在该模型中，每个词首先从嵌入层获得一个特征向量。然后，利用双向递归神经网络对特征序列进行编码，得到序列信息。最后，将编码后的序列信息通过全连通层输出。具体来说，可以将双向长短期存储器的隐藏状态连接在初始时间步和最终时间步中，并将其作为编码的特征序列信息传递给输出层分类。在下面实现的BiRNN类中，嵌入实例是嵌入层，LSTM实例是序列编码的隐藏层，密集实例是生成分类结果的输出层。

class BiRNN(nn.Block):

def __init__(self, vocab_size, embed_size, num_hiddens,

num_layers, **kwargs):

super(BiRNN, self).__init__(**kwargs)

self.embedding = nn.Embedding(vocab_size, embed_size)

# Set Bidirectional to True to get a bidirectional recurrent neural

# network

self.encoder = rnn.LSTM(num_hiddens, num_layers=num_layers,

bidirectional=True, input_size=embed_size)

self.decoder = nn.Dense(2)

def forward(self, inputs):

# The shape of inputs is (batch size, number of words). Because LSTM

# needs to use sequence as the first dimension, the input is

# transformed and the word feature is then extracted. The output shape

# is (number of words, batch size, word vector dimension).

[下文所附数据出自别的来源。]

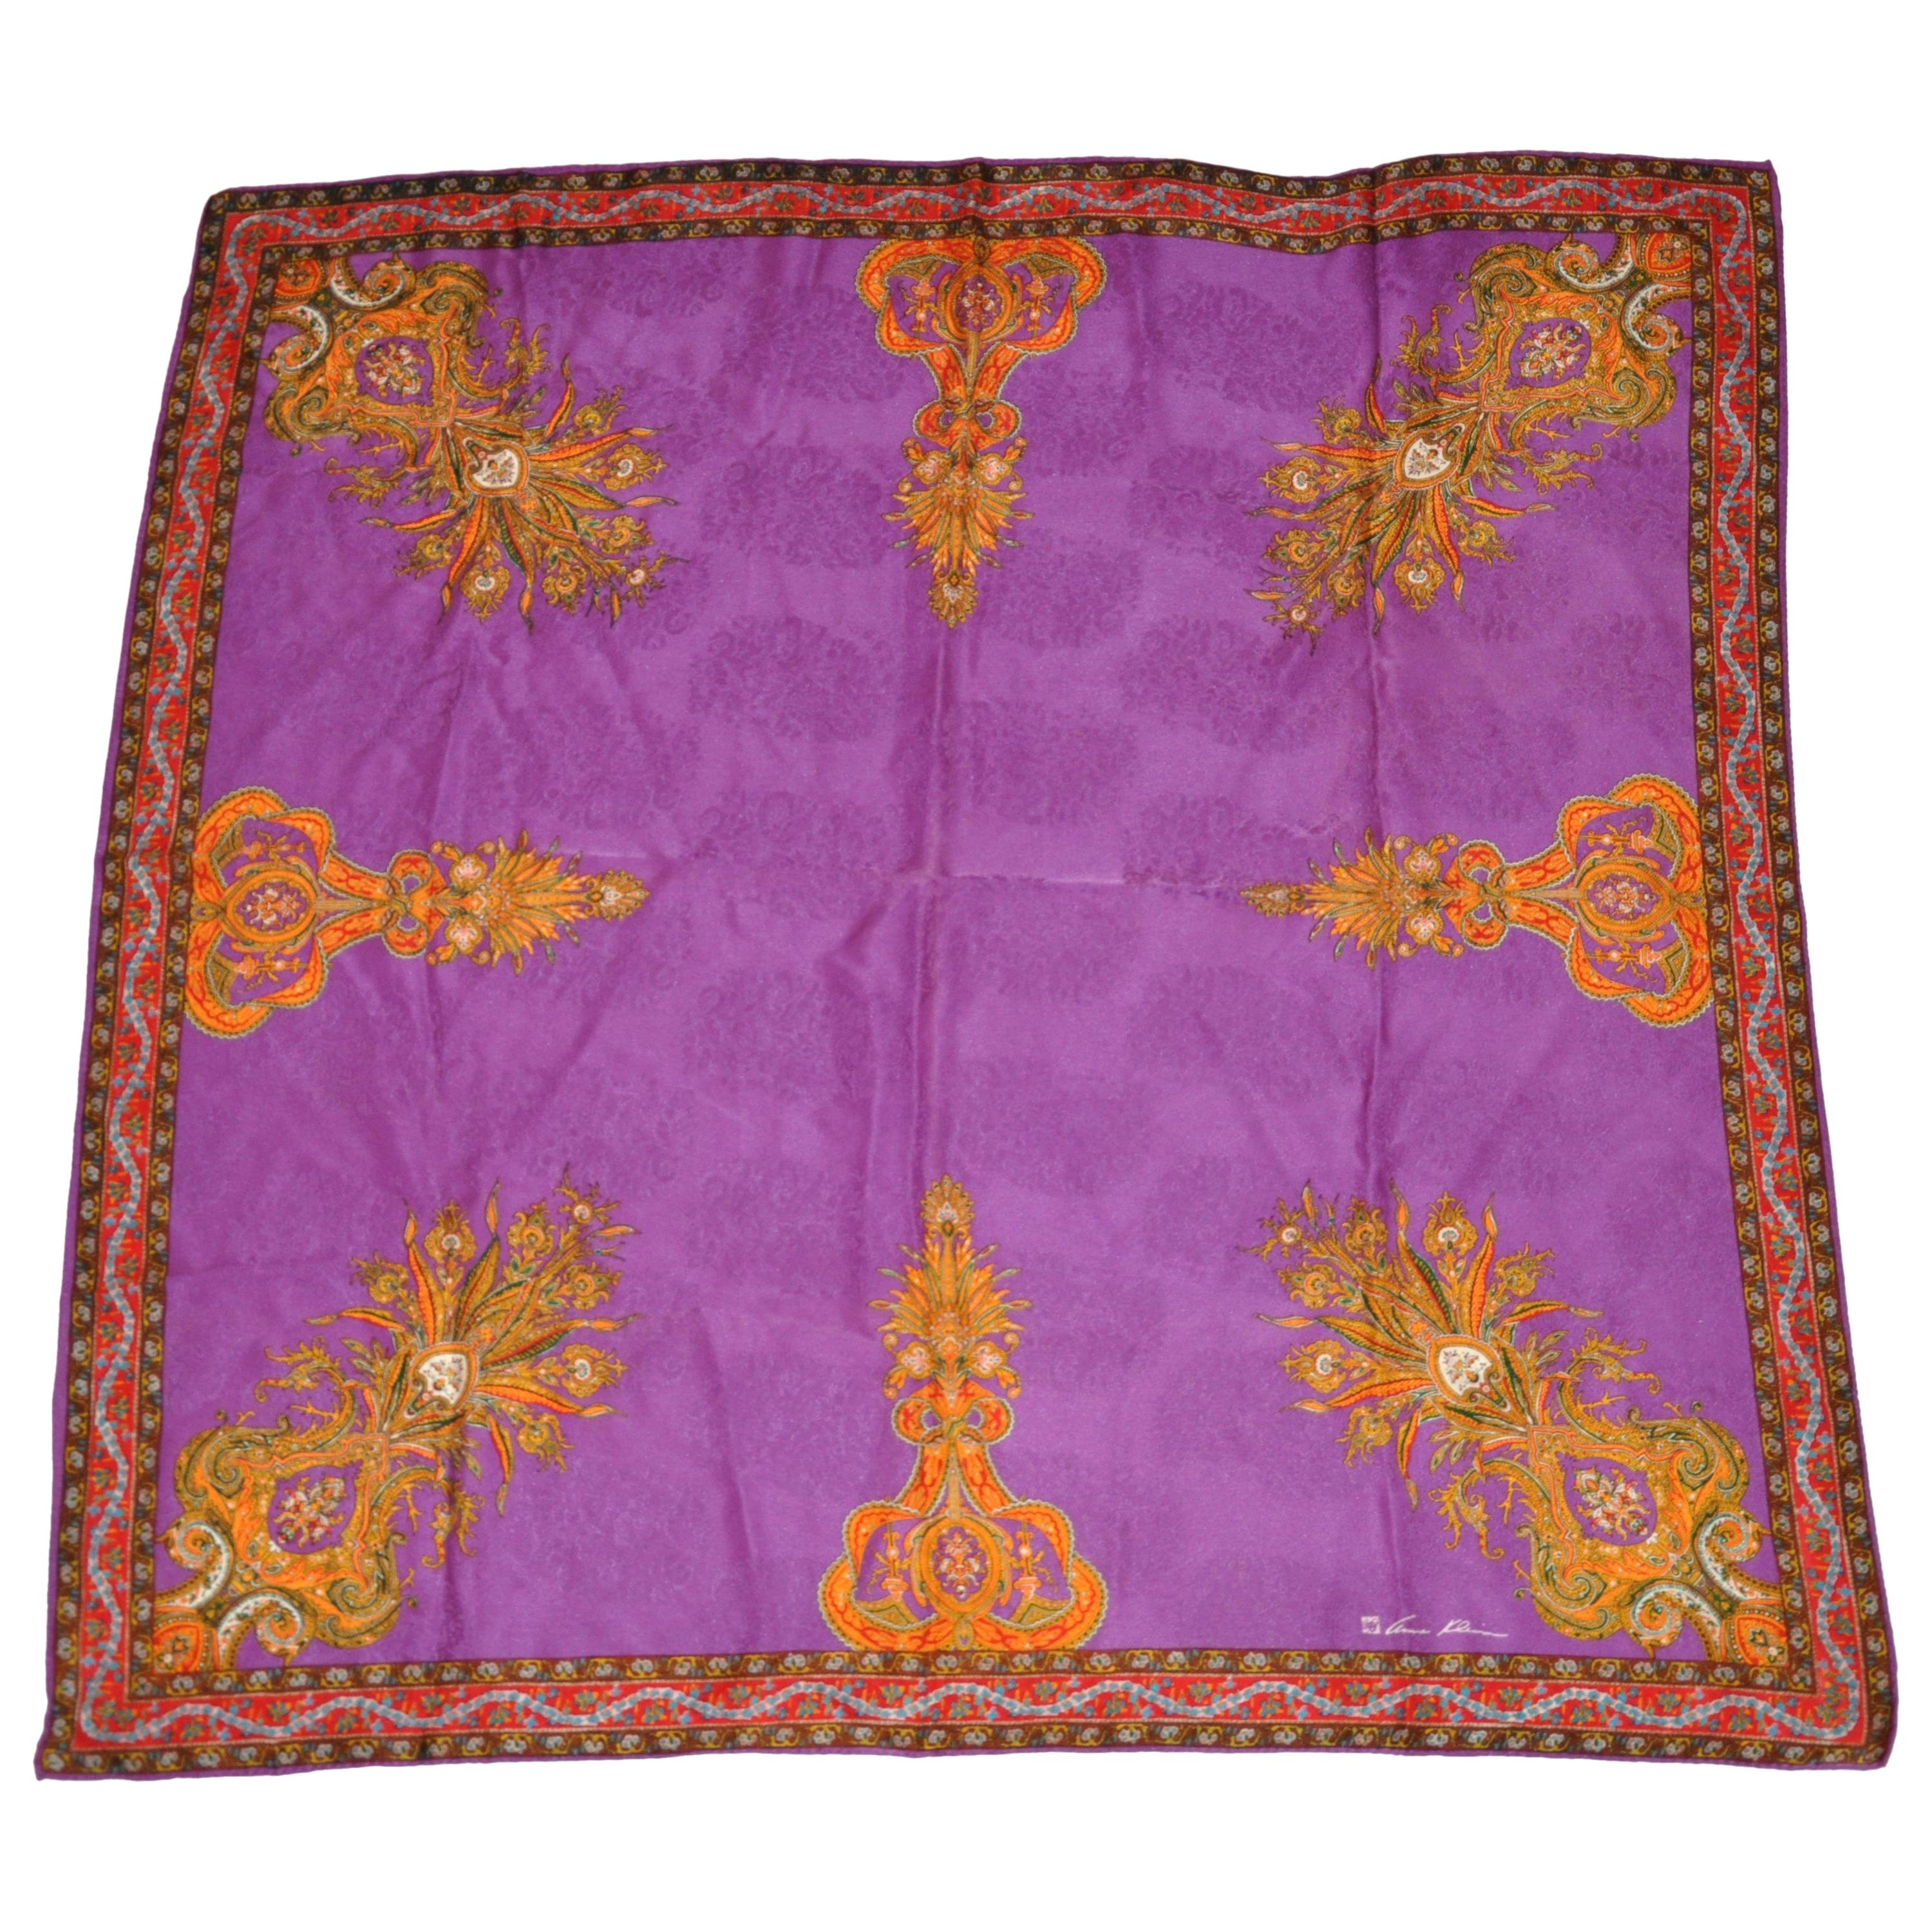 Anne Klein Glorious Rich Colorful Violet with Palsey Detailing Silk Scarf

embeddings = self.embedding(inputs.T)

# Since the input (embeddings) is the only argument passed into

# rnn.LSTM, it only returns the hidden states of the last hidden layer

# at different timestep (outputs). The shape of outputs is

# (number of words, batch size, 2 * number of hidden units).

outputs = self.encoder(embeddings)

# Concatenate the hidden states of the initial timestep and final

# timestep to use as the input of the fully connected layer. Its

# shape is (batch size, 4 * number of hidden units)

encoding = np.concatenate((outputs[0], outputs[-1]), axis=1)

outs = self.decoder(encoding)

return outs

创建一个具有两个隐藏层的双向递归神经网络。

embed_size, num_hiddens, num_layers, ctx = 100, 100, 2, d2l.try_all_gpus()

net = BiRNN(len(vocab), embed_size, num_hiddens, num_layers)

net.initialize(init.Xavier(), ctx=ctx)

1.1. Loading Pre-trained Word Vectors

由于用于情感分类的训练数据集不是很大，为了处理过拟合，将直接使用在较大语料库上预先训练的词向量作为所有词的特征向量。这里，为字典vocab中的每个单词加载一个100维的GloVe词向量。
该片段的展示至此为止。